Вскоре после этого ранним утром немцы позвонили к месье Серра: испанского консула сменили, а его никто не предупредил. В ту ночь Диего спал у отца. Блондинку не потревожили. «Скажите Надин, чтобы она не опасалась за меня, — попросил Диего. — Я вернусь, потому что хочу вернуться». То были последние слова, которые от него услышали, все остальные — канули в вечность, а он так любил говорить.

Стояла весна, небо было ослепительно голубым, а персиковые деревья — розовыми. Когда мы с Надин катили на велосипедах между цветущими садами, грудь нашу наполняла веселость мирных уикэндов. Высокое здание лагеря политзаключенных в Дранси внезапно разрушило этот обман. Блондинка вручила три миллиона одному немцу по имени Феликс, который передавал нам послания от узников и обещал устроить их побег; дважды у далекого окна удалось разглядеть в бинокль Диего; его густые кудри сбрили, и нам улыбался вроде бы он и в то же время не он; его изуродованный образ парил где-то за пределами мира.

И вот однажды майским днем мы нашли казармы пустыми; соломенные тюфяки проветривались на подоконниках открытых в пустые камеры окон. В кафе, где мы оставляли свои велосипеды, нам сказали, что три состава покинули ночью вокзал. Мы долго всматривались, стоя у заграждения из колючей проволоки. И вдруг вдали, очень высоко, различили два, наклонявшихся к нам, одиноких силуэта. Младший из двух узников торжествующе размахивал беретом: Феликс не обманул, Диего не увезли. Радость душила нас, когда мы возвращались в Париж.

«Они в лагере американских пленных, — сказала нам блондинка, — чувствуют себя хорошо, загорают». Но сама она их не видела; мы послали им свитера, шоколад: они поблагодарили нас устами Феликса, но никаких писем мы больше не получали; Надин потребовала какого-нибудь доказательства: кольца Диего, пряди волос; но узников как раз перевели в другой лагерь, куда-то далеко от Парижа. Мало-помалу их отсутствие перестало определяться каким-либо местом: они просто отсутствовали, и все тут. Находиться неизвестно где или вообще больше не существовать — разница невелика. И ничего по сути не изменилось, когда Феликс с раздражением сказал: «Их давно уже убили».

Надин выла ночи напролет. С вечера до утра я держала ее на руках.

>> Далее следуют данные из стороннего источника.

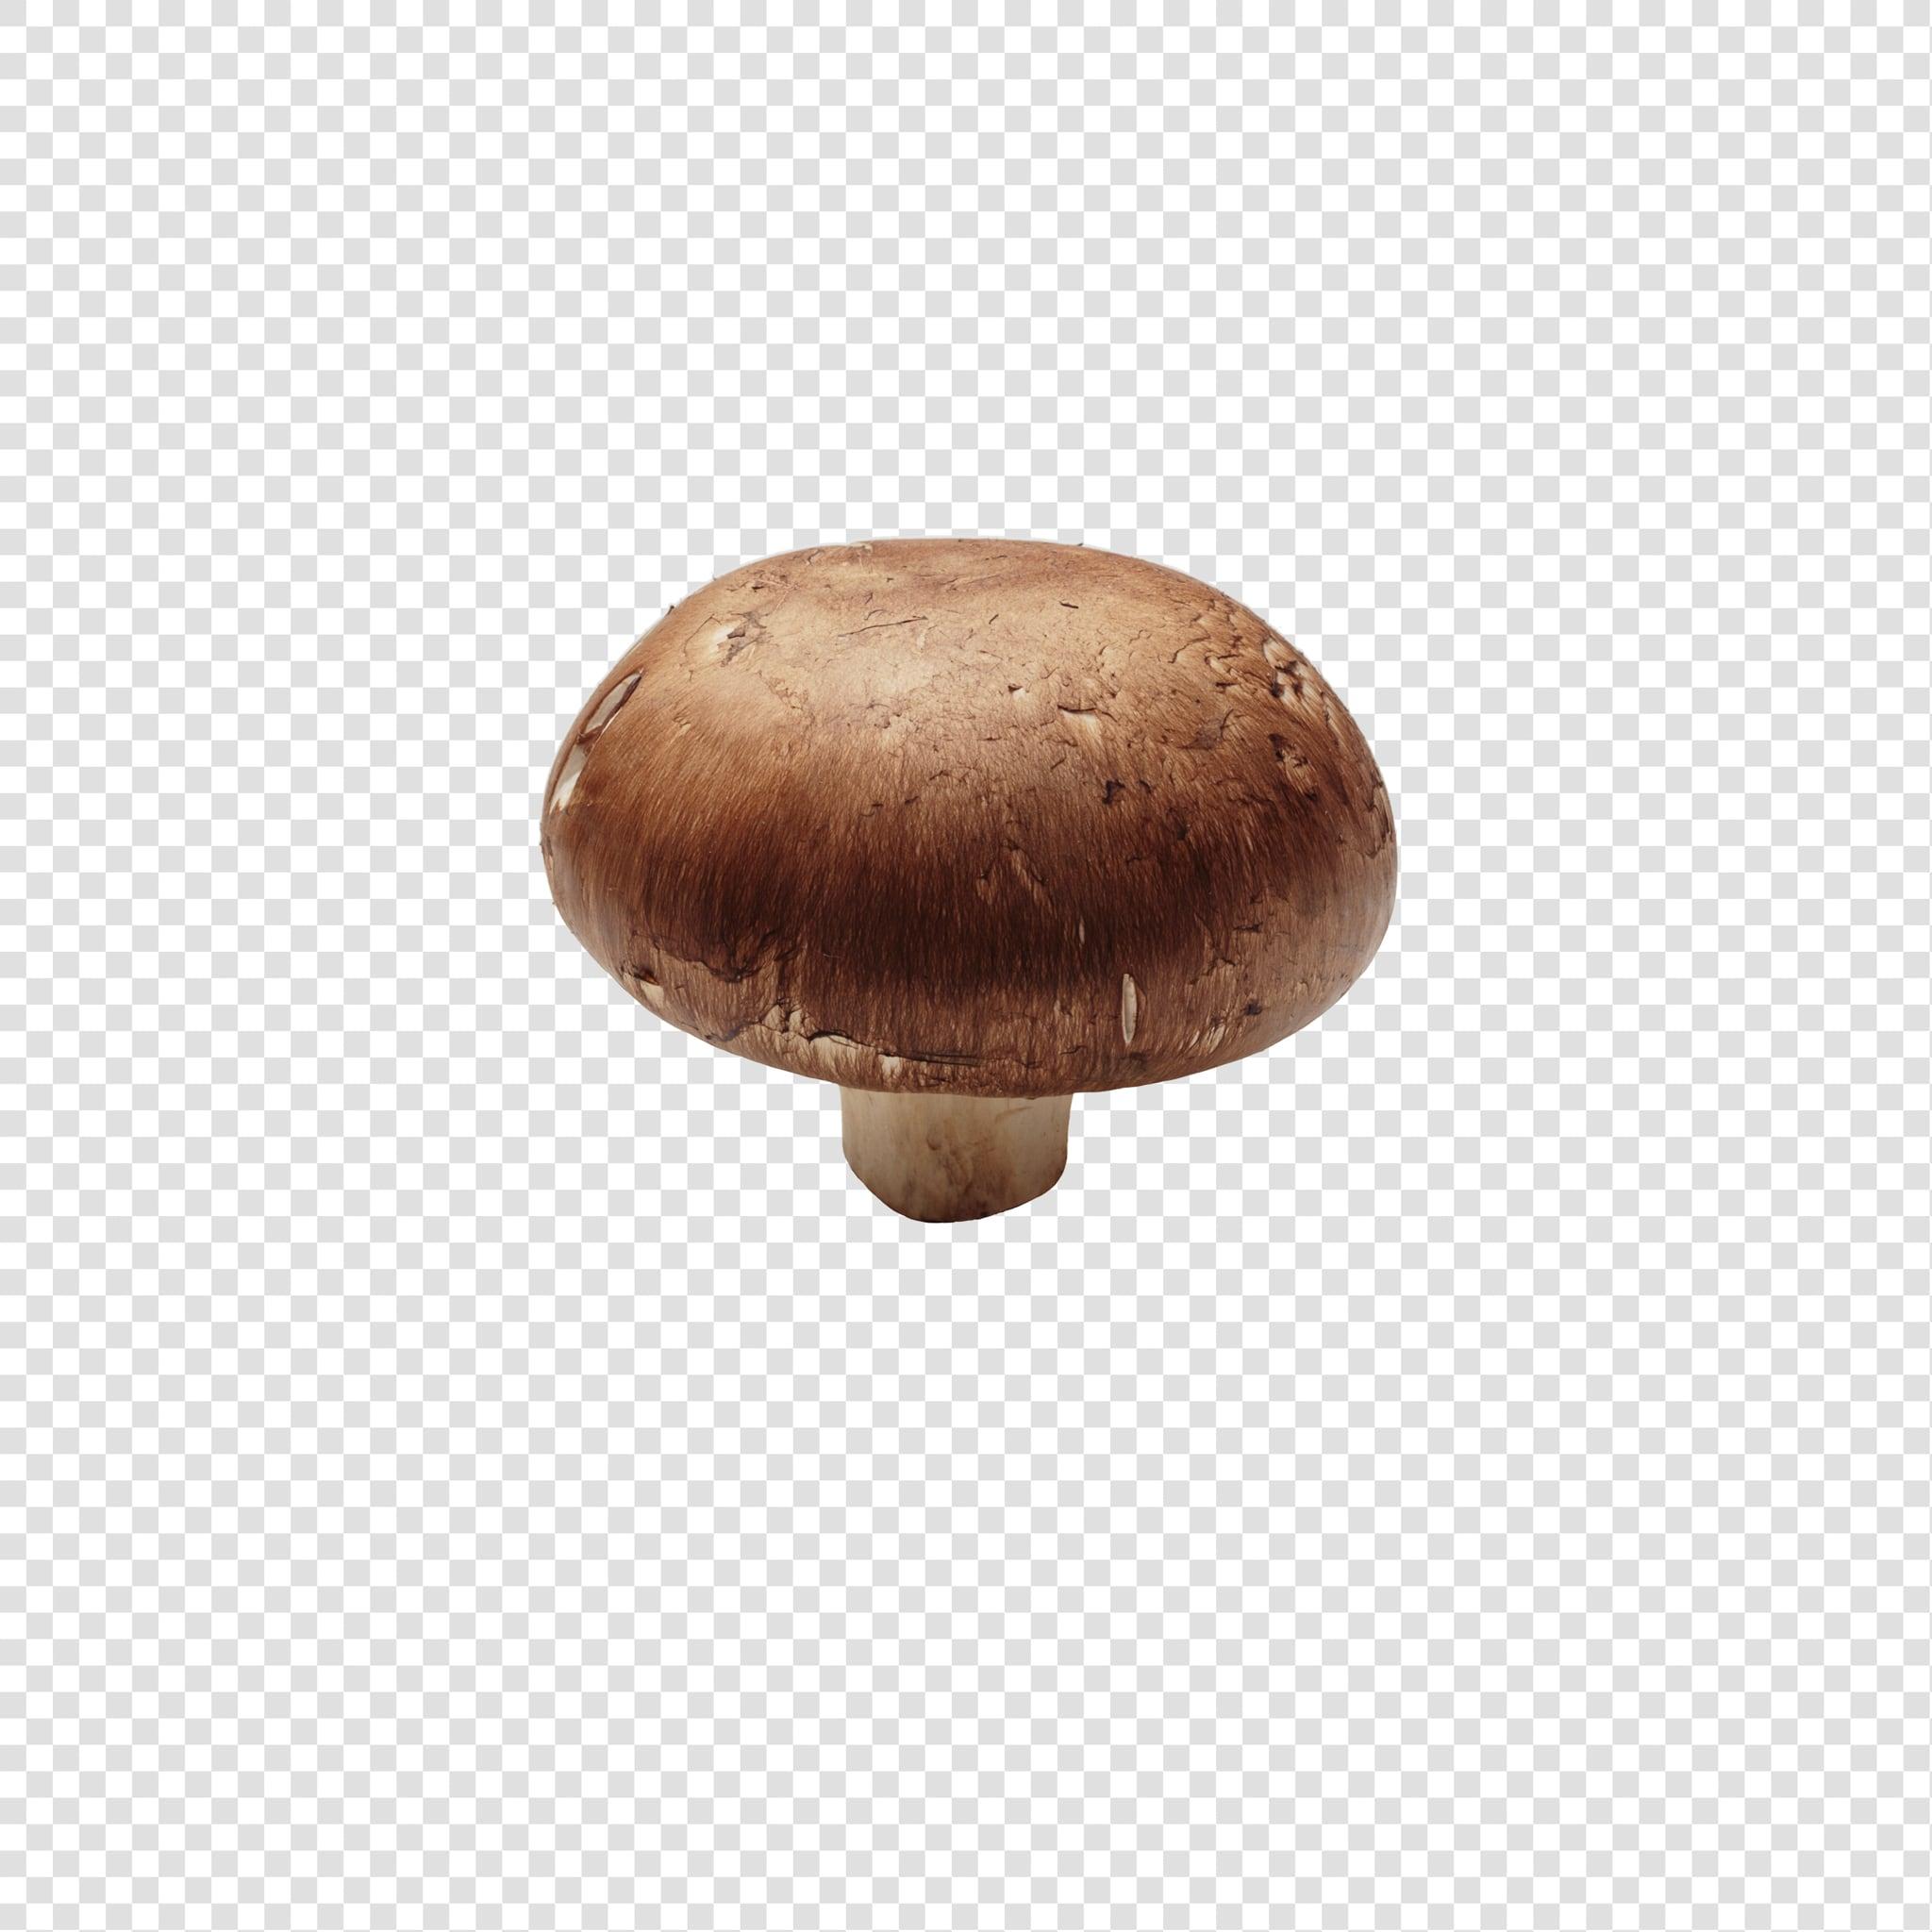 Champignon image asset with transparent background

Потом к ней вернулся сон; поначалу Диего являлся ей ночью во сне; вид у него был недобрый. А спустя некоторое время даже его видение исчезло. Она права, и я ее не осуждаю. Что делать с трупом? Я знаю, их используют для изготовления знамен, щитов, ружей, наград, рупоров, а также домашних безделушек, но не лучше ли оставить их прах в покое? Памятники или пыль — не все ли равно, а ведь они были нашими братьями. Но у нас нет выбора: почему они исчезли? Так пускай и нас оставят в покое. Забудем их. Станем жить дальше. У нас слишком много дел, надо разобраться со своей собственной жизнью. Мертвые мертвы; для них не существует больше проблем, зато нам, живым, предстоит проснуться {11}после этой праздничной ночи и решать, как мы будем жить...

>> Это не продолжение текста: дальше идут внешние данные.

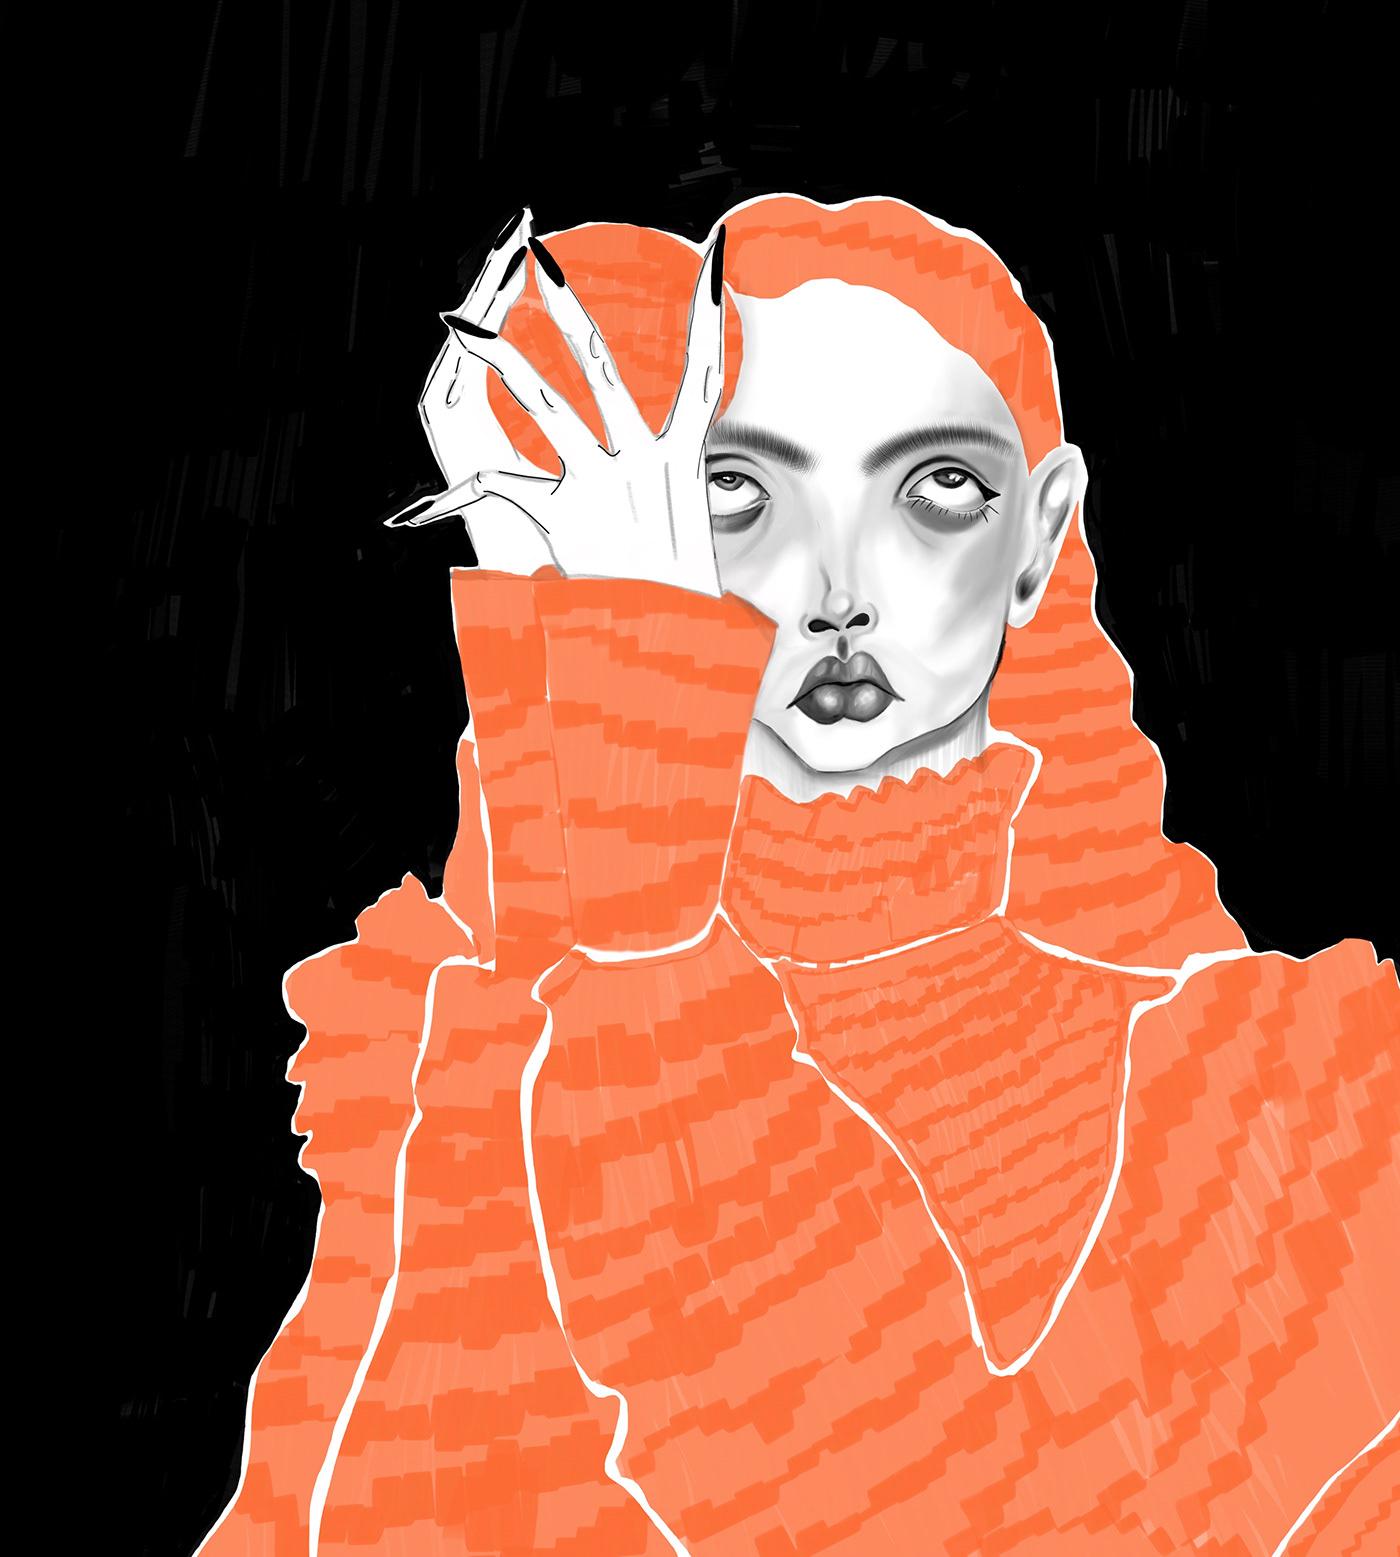 digitalart Drawing  ILLUSTRATION  adobedesign artist designer fashiondesign moodboard painting   portrait

Надин смеялась с Ламбером, крутилась пластинка, пол дрожал у нас под ногами, дрожали голубые язычки пламени. Я смотрела на Сезенака, который вытянулся во всю свою длину на ковре: наверняка ему снились славные дни, когда он разгуливал по Парижу с ружьем через плечо. Я смотрела на Шанселя, немцы приговорили его к смерти и в последнюю минуту обменяли на одного из своих пленных; и на Ламбера, отец которого донес на его невесту, и Венсана, своей рукой прикончившего дюжину ополченцев. Как им быть с этим прошлым, столь тяжким и столь коротким, каким будет их будущее, такое неопределенное? Сумею ли я помочь им? Помогать — моя профессия: я могу уложить их на диван и заставить рассказать их сны; но я не воскрешу ни Розу, ни дюжину ополченцев, которых Венсан прикончил собственной рукой. И даже если мне удастся сгладить их прошлое, какое будущее могу я им предложить? Я смягчаю страхи, шлифую сны, усмиряю желания, приспосабливаю, приспосабливаю, но к чему я их приспособлю? Я не вижу больше вокруг себя ничего стоящего.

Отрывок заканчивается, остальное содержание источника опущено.